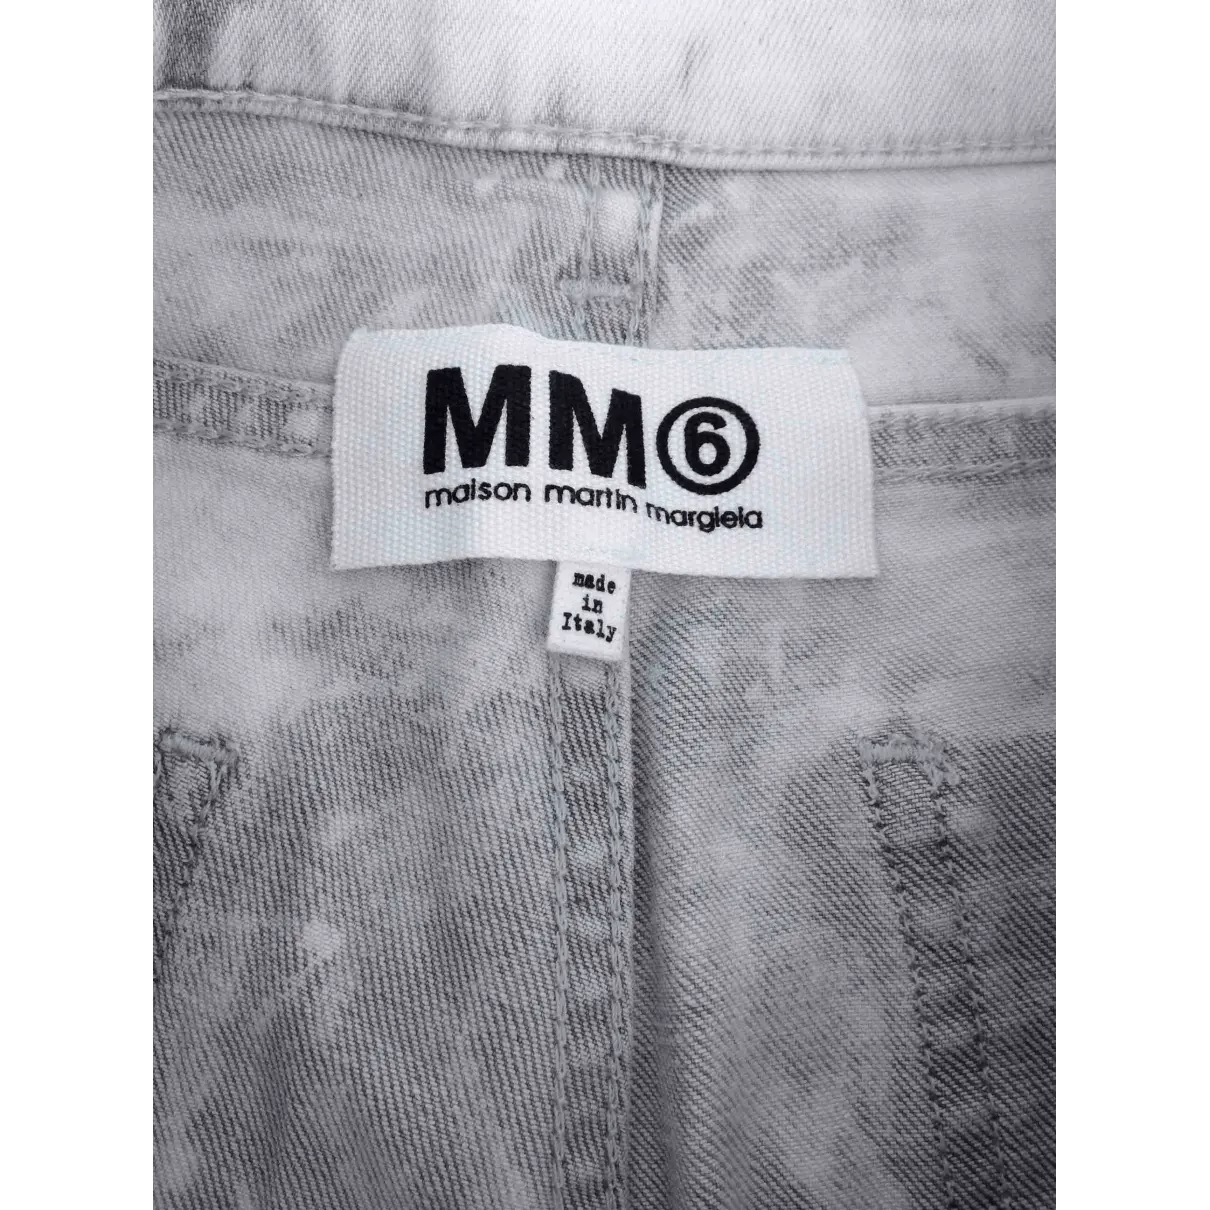 Buy MM6 Straight jeans online
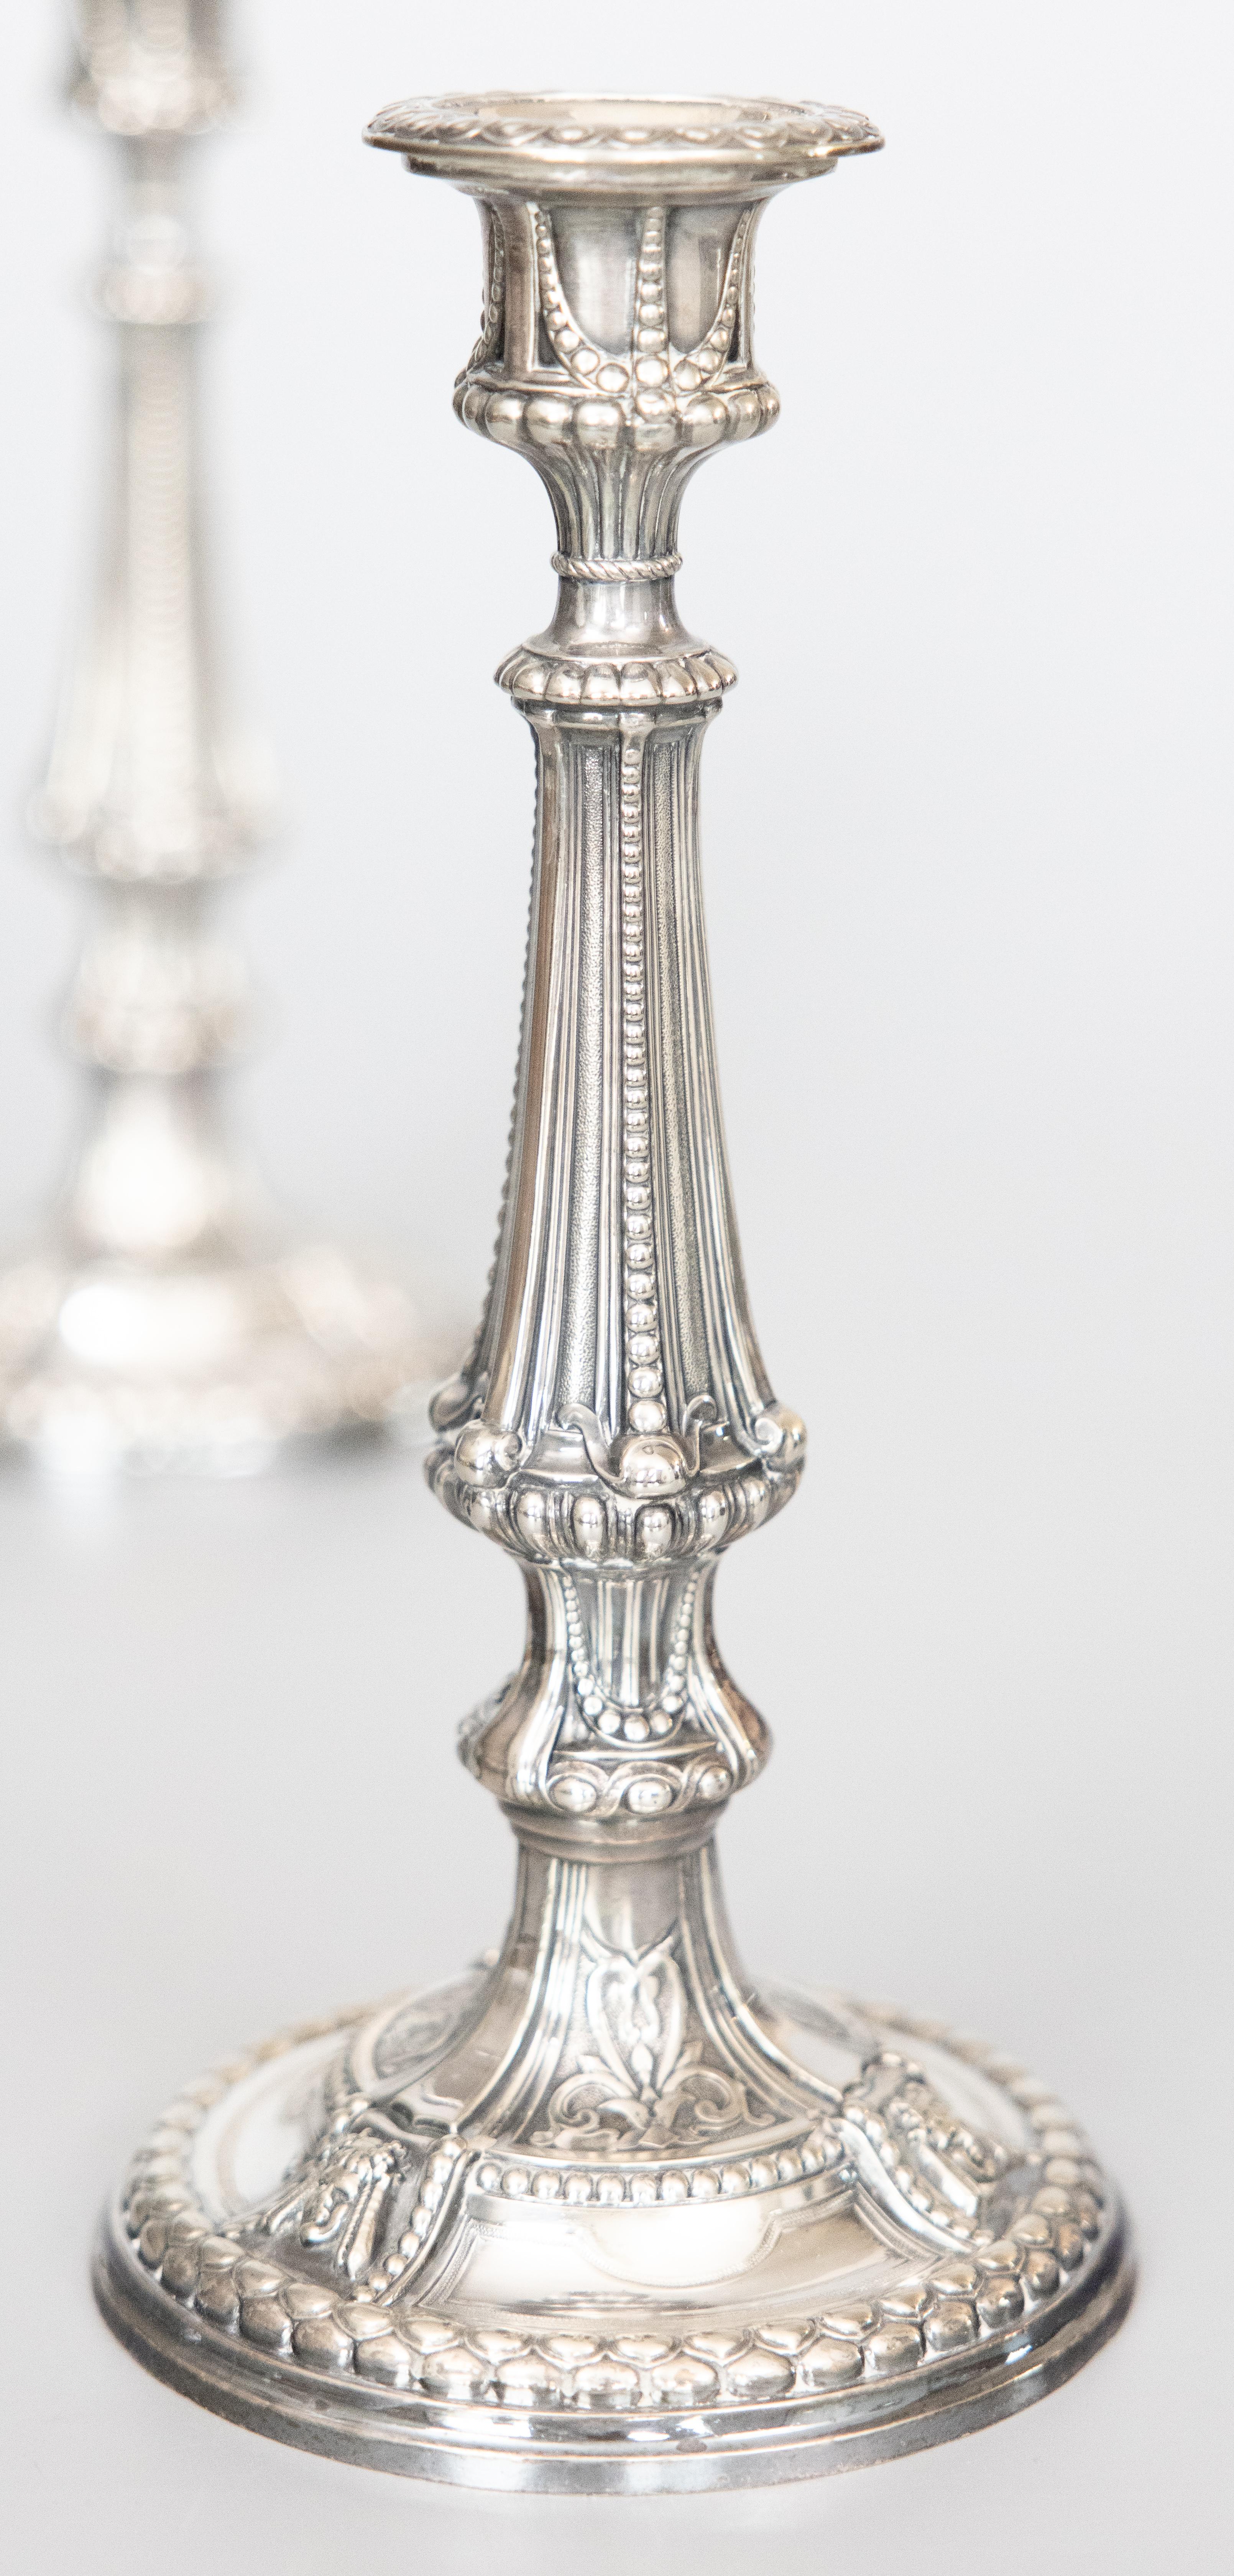 Pair of Antique Neoclassical Style English Silver Plate Candlesticks c. 1900 For Sale 1
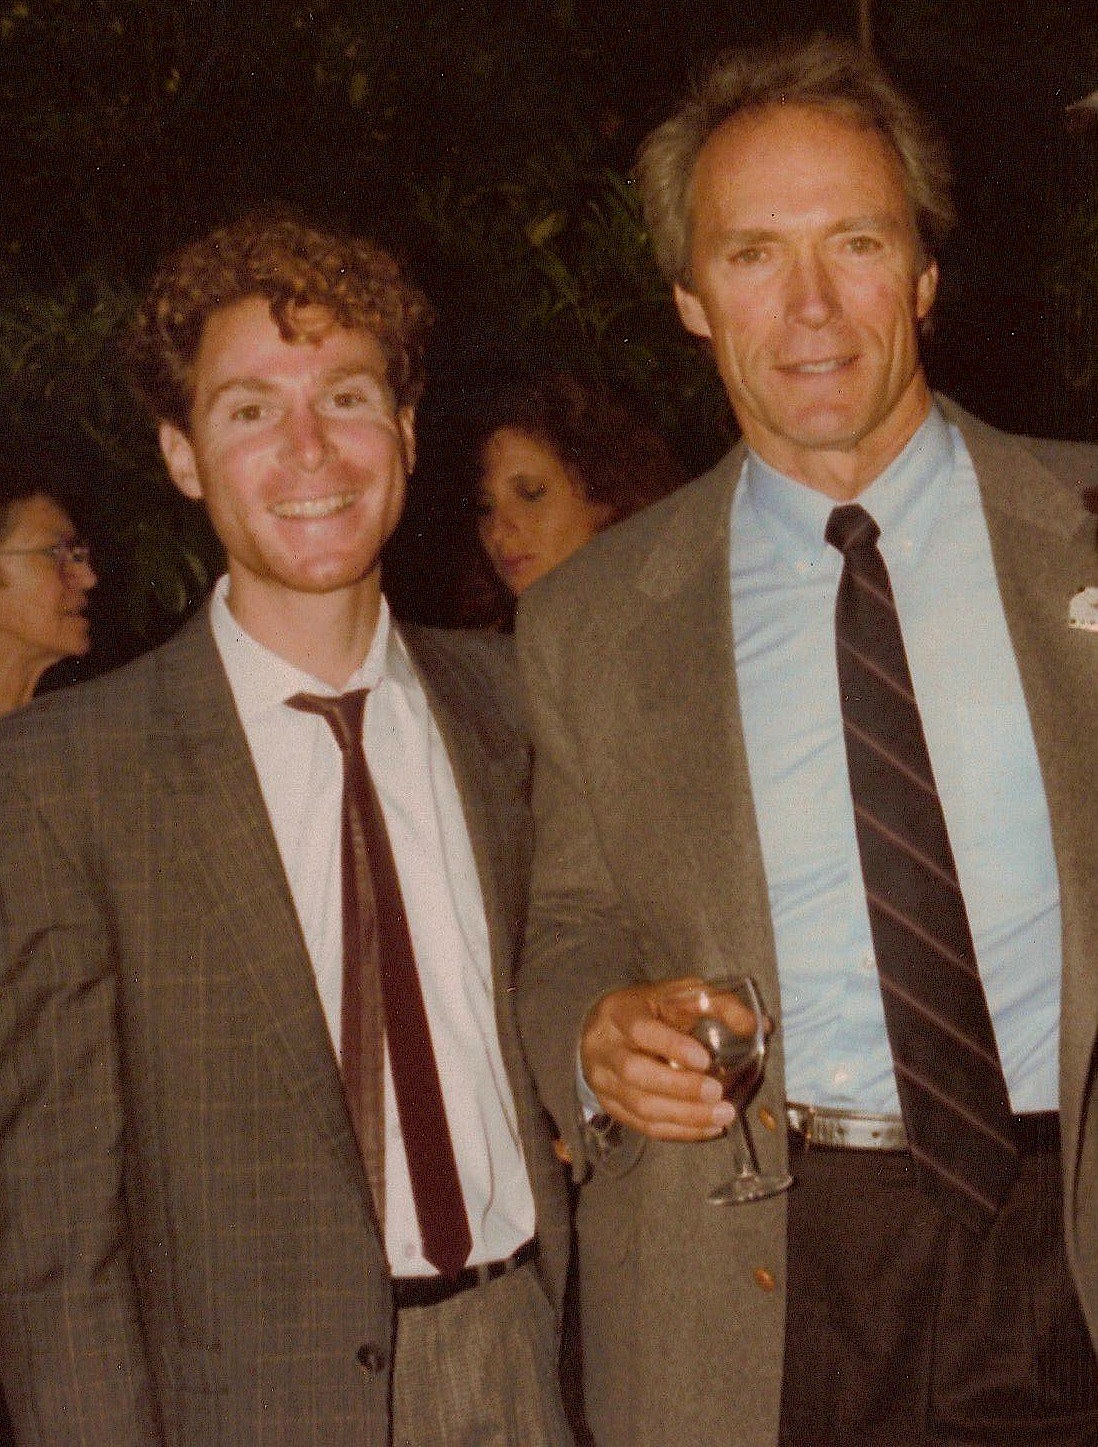 Michael Zelniker, (Bird) with director Clint Eastwood in Paris after the Cannes Film Festival.

YOUR OBJECTIVE: The full listing, reproduced exactly and without pictures, is the expected output.

RESULT OF THIS TASK:
 Buy MM6 Straight jeans online
 Pair of Antique Neoclassical Style English Silver Plate Candlesticks c. 1900 For Sale 1
 Michael Zelniker, (Bird) with director Clint Eastwood in Paris after the Cannes Film Festival.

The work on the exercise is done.